= Patient Abuse =

Sketch written by Graham Chapman and Douglas Adams

"Patient Abuse" is a sketch from the final episode of Monty Python's Flying Circus, "Party Political Broadcast". The sketch is among the few not entirely written by members of Monty Python, and is notable for its considerable amount of black humour. It was co-written by Python Graham Chapman and his friend Douglas Adams, later known for creating The Hitchhiker's Guide to the Galaxy. Mind-boggling bureaucracy is a recurring comic theme of Adams' work.

==Outline==

The sketch is set in a doctor's office. A man (Terry Jones) rushes in, blood gushing from his stomach. The doctor (Graham Chapman), barely reacting to the blood, blandly asks what the problem is, to which the man responds that the nurse stabbed him.
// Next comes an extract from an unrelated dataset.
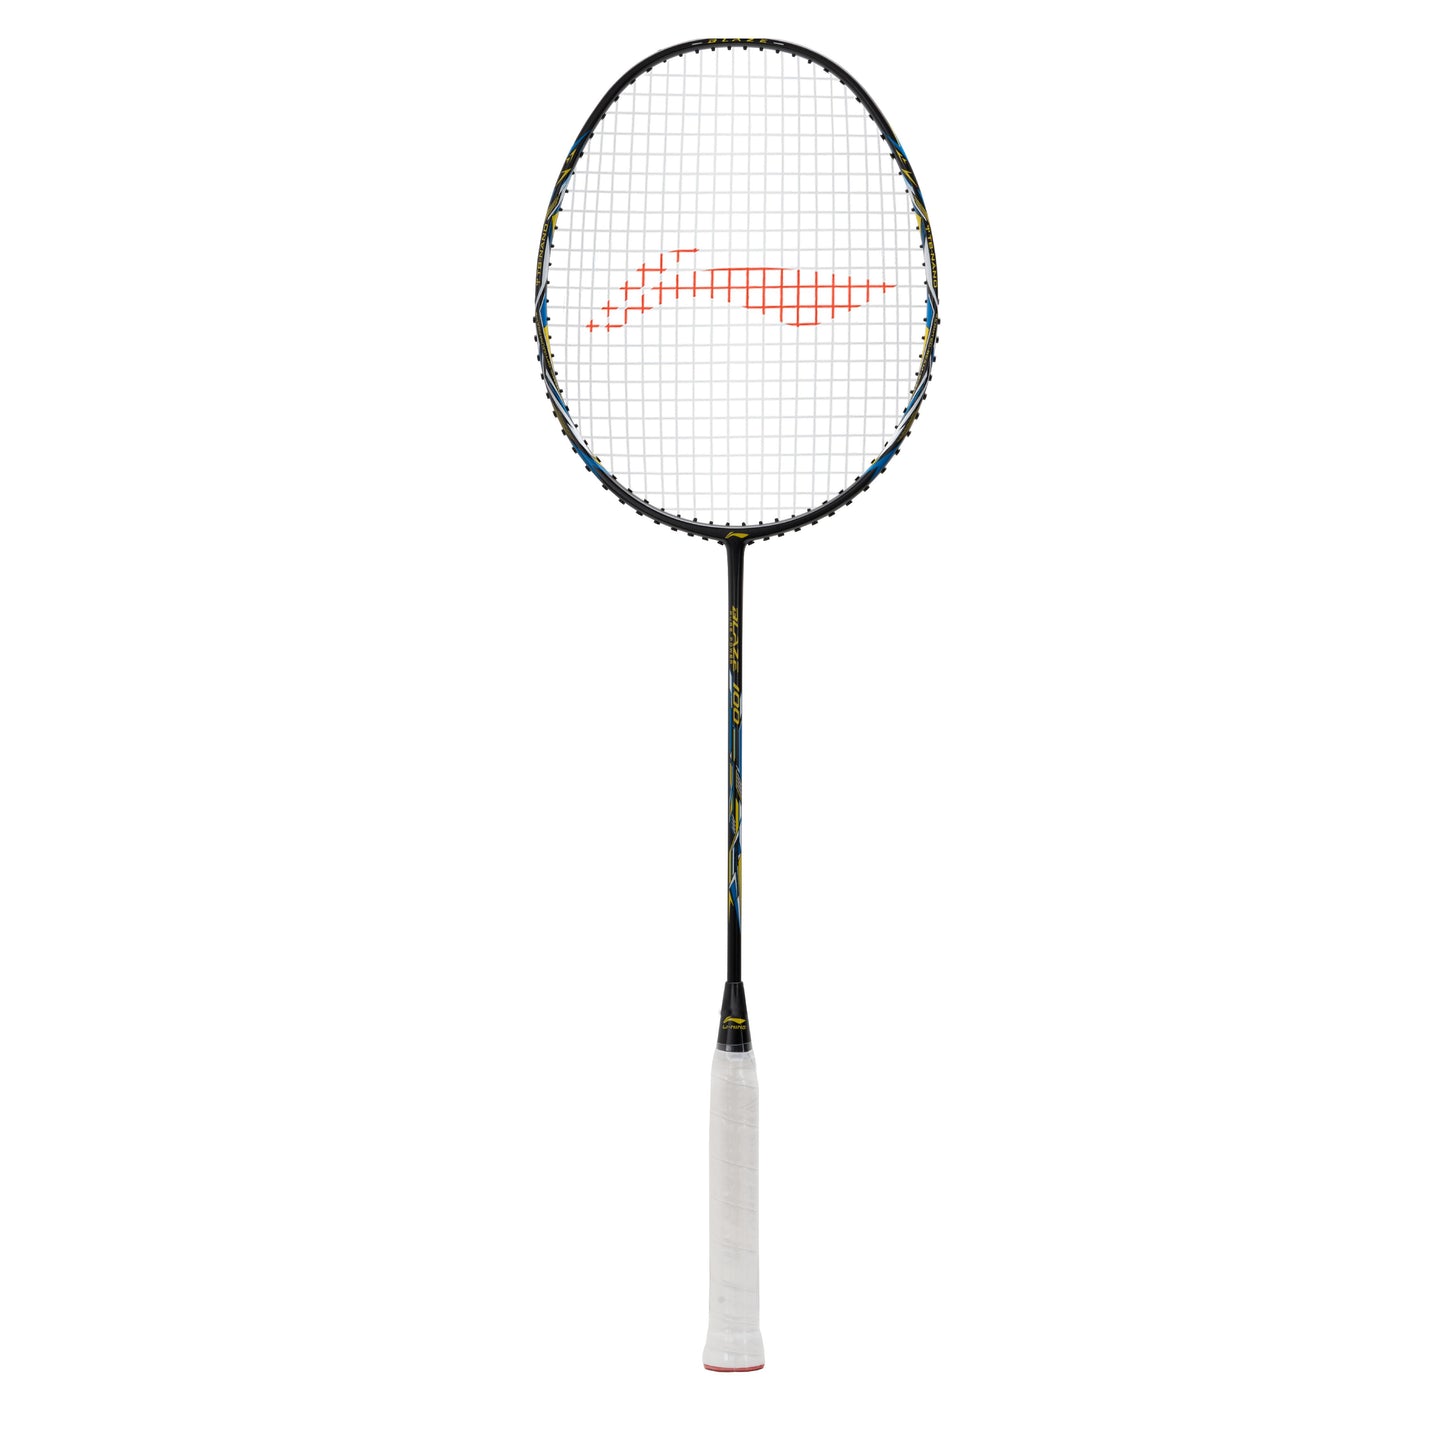 Li-Ning Blaze 100 Badminton Racket (Charcoal/Lime/Blue)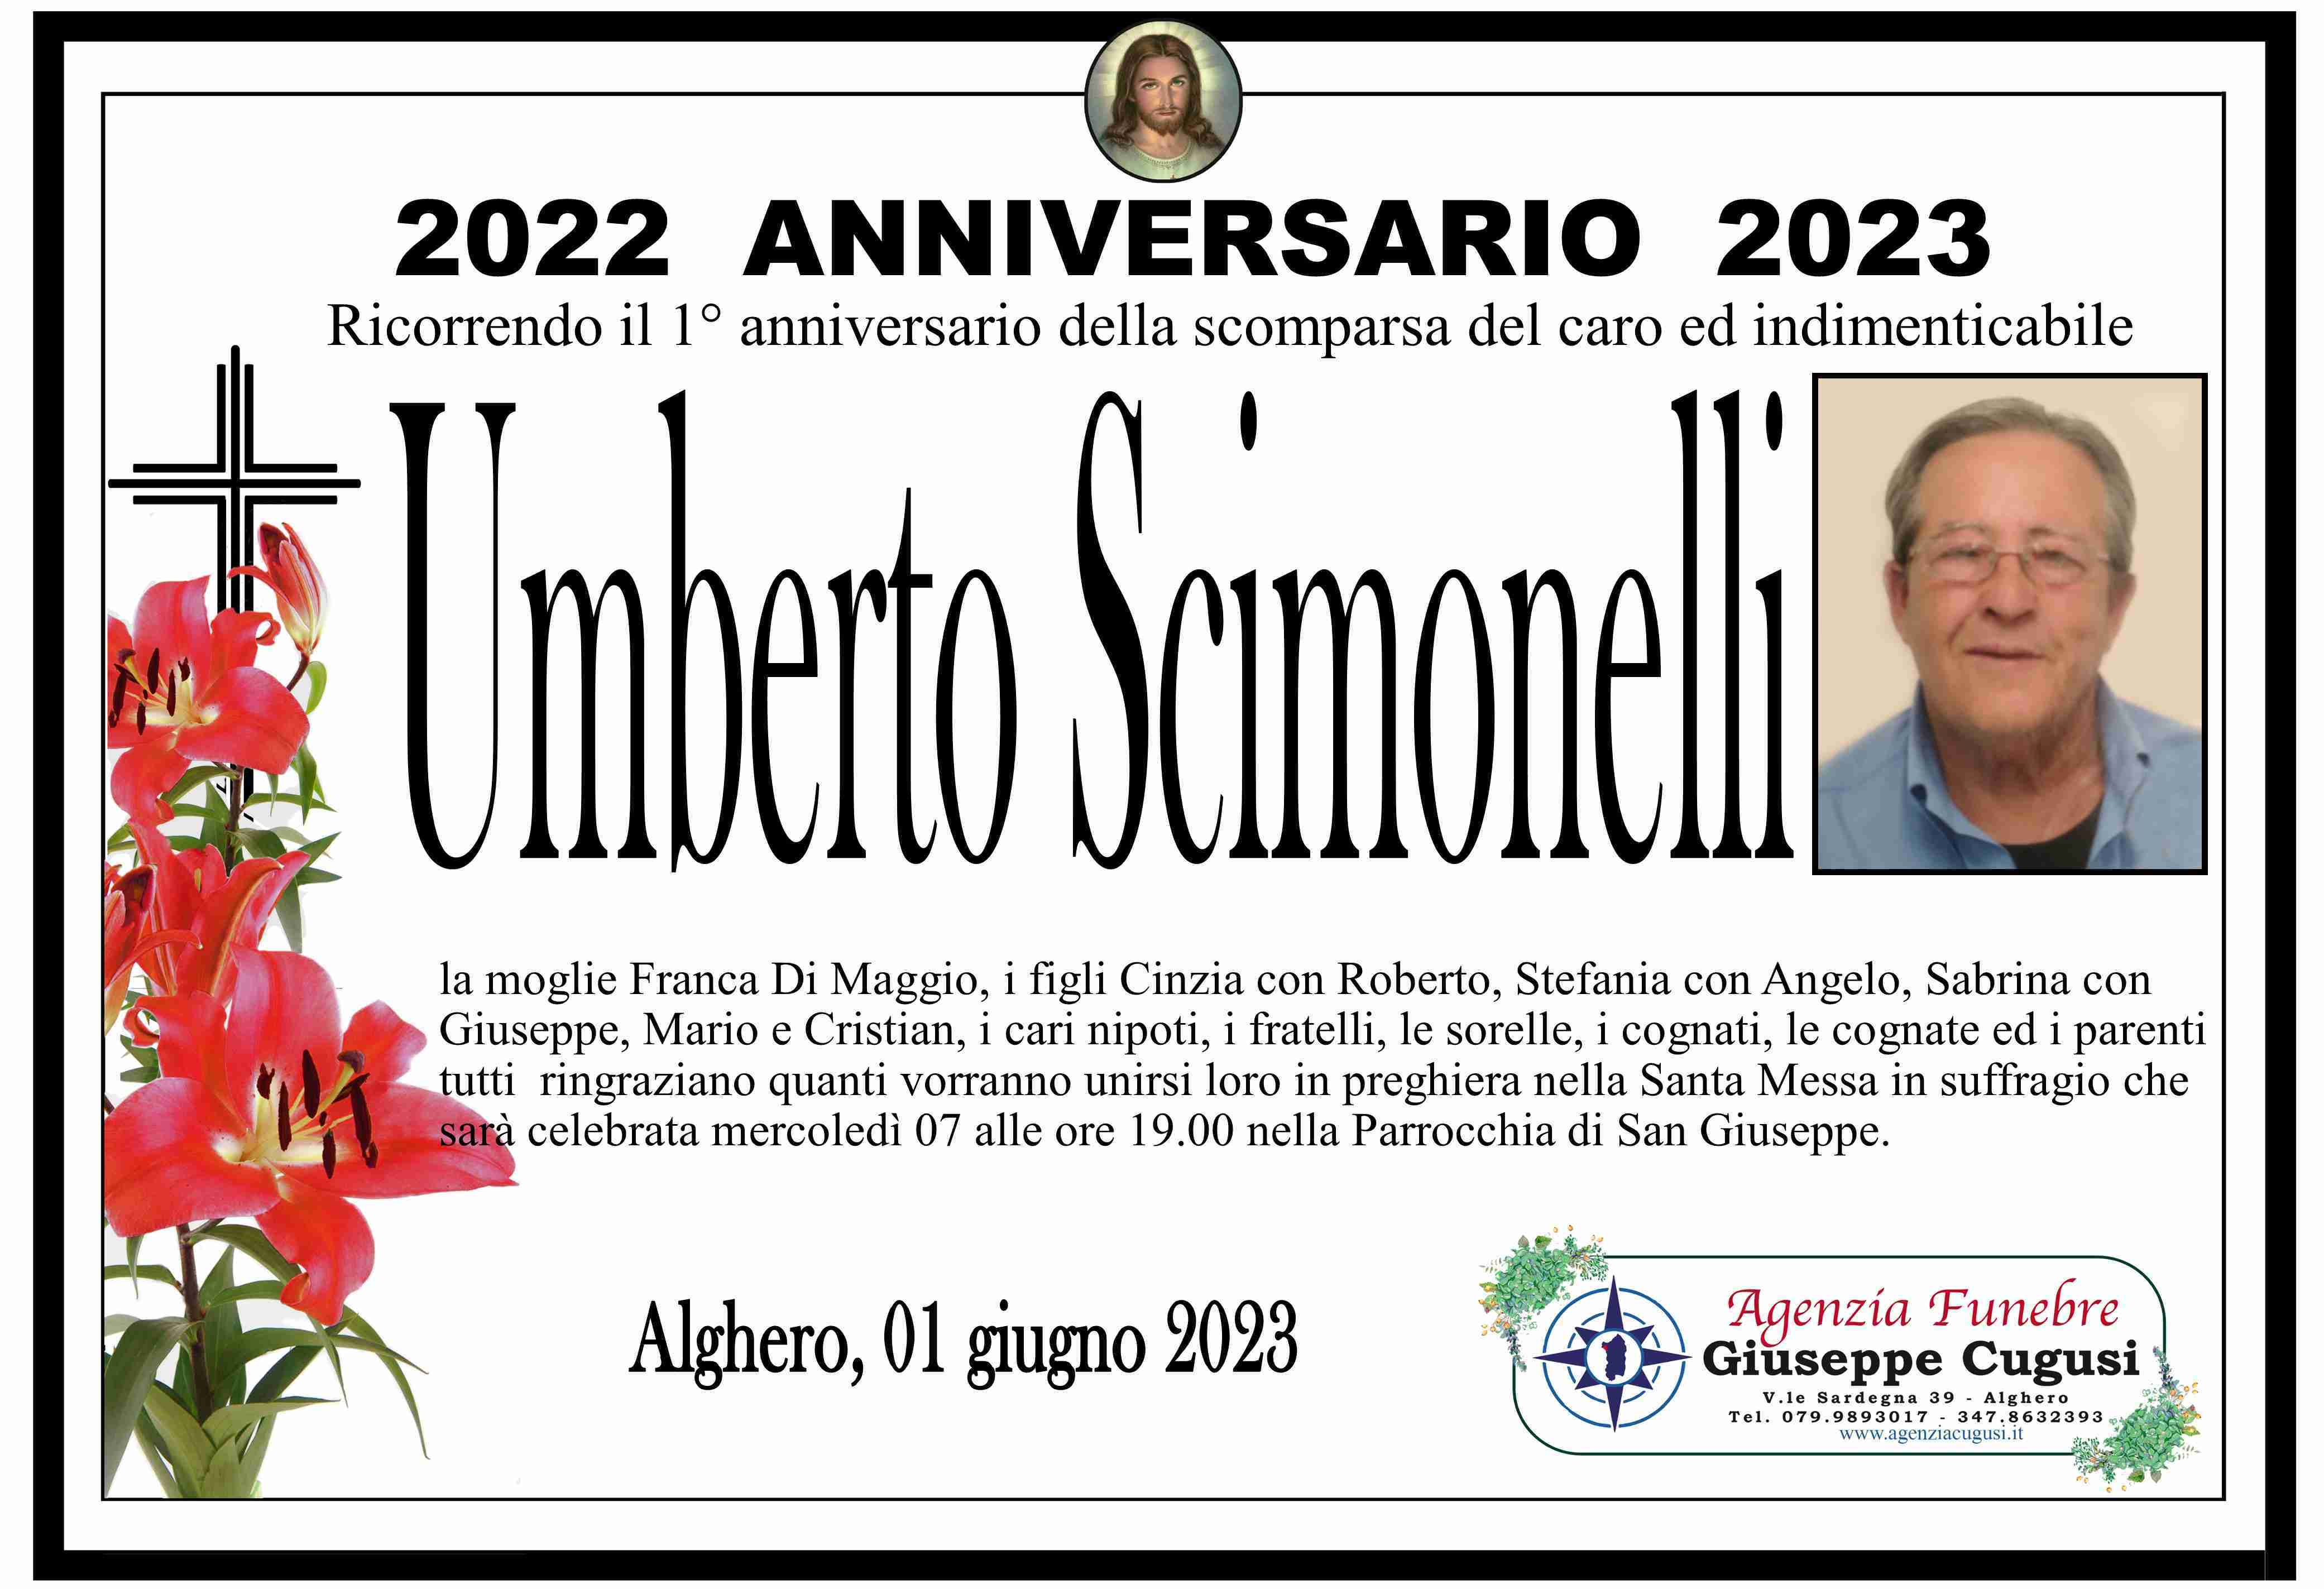 Umberto Scimonelli

The doctor tells the man that he has to fill out paperwork before receiving any care. With his blood still spilling to the floor, the man attempts to fill out the paperwork, while the oblivious doctor complains about the difficulties of paperwork and bureaucracy. Straining to the floor, the man hands the doctor his blood-soaked paperwork, which the doctor proceeds to criticise ("Surely you know number four! It's from The Merchant of Venice, even I knew that!"). The sketch ends with the nurse (Carol Cleveland) coming in with a bloody sabre, implying that she has just stabbed the last waiting patient. The doctor and the nurse decide to "pop[…] out for a bit of lunch", leaving the dying patient with a second form and the promise of some morphine if he gets at least the questions about history right.